Third, the CLOUD Act created a new right for challenging mandatory disclosures when the data at issue is stored in a country with which the United States has an executive agreement.7 It permits providers served with an SCA legal process to file a motion to quash within 14 days of service to challenge the compelled production. A motion to quash or modify may be filed if the provider reasonably believes (1) that customer or subscriber whose data is sought is not a US citizen or legal resident and does not live in the United States, and (2) that the disclosure would create a material risk that the provider would violate the laws of a country with which the US has an executive agreement.
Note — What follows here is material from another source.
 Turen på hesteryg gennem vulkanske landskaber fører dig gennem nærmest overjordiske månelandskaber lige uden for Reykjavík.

A court may only modify or quash an SCA legal process if it finds (1) that the disclosure would cause the provider to violate the laws of the country at issue; (2) that customer or subscriber whose data is sought is not a US citizen or legal resident and does not live in the United States; and (3) the "interests of justice" factors laid out in the statute8 favor the modification or quashing of the request.
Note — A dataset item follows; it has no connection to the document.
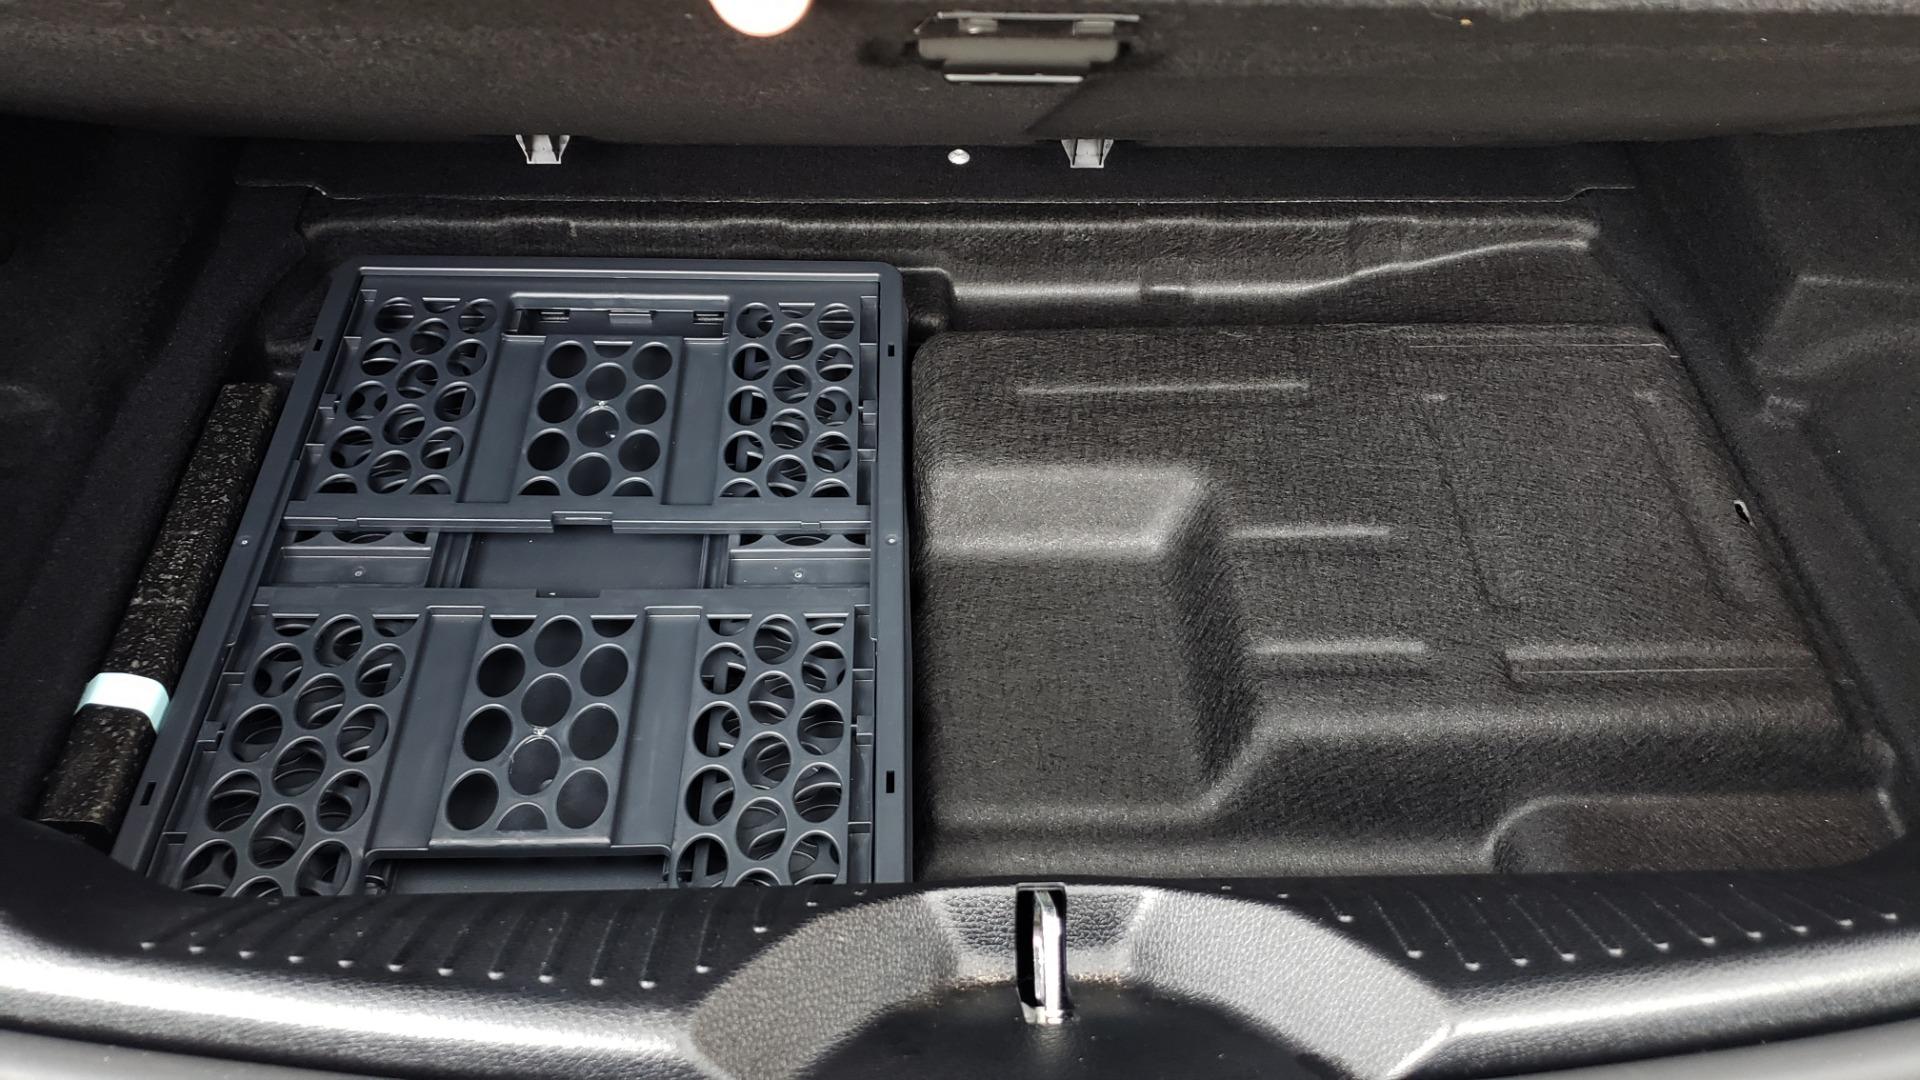 Used 2019 Mercedes-Benz C-CLASS C 300 CABRIOLET / PREM PKG / NAV / BURMESTER / MULTIMEDIA for sale $49,995 at Formula Imports in Charlotte NC 28227 66

Importantly, the CLOUD Act supplements and does not replace aspects of the current framework for seeking information abroad. The law explicitly preserves the right for a party to bring a challenge for "comity," which arises when a compelled protection conflicts with the law of the country in which production must be made.9 Further, the CLOUD Act also expressly states that it does not affect or modify the current process for seeking data under an MLAT if US authorities choose to utilize that route.10

Who should take particular notice of this alert

The CLOUD Act has a significant impact on international data sharing. Companies should be aware that the US government can now directly seek a warrant for data within the "possession, custody, or control" of providers that are based or operate in the United States, irrespective of where the data is stored. As such, foreign entities whose data would otherwise be outside of the US government's reach should pay particular attention to the CLOUD Act.

The rising tensions between US and European Union laws, predominately caused by the conflict of US enforcement efforts and the EU's focus on the right to data privacy, is of no surprise. Fortunately, challenges under the CLOUD Act to any personal data sought from EU member countries will likely be more robust in light of the upcoming application of the General Data Protection Regulation (GDPR). Thus, companies based outside of the US and US companies with foreign subsidiaries should consult with legal counsel about how the CLOUD Act will impact their respective entities' data.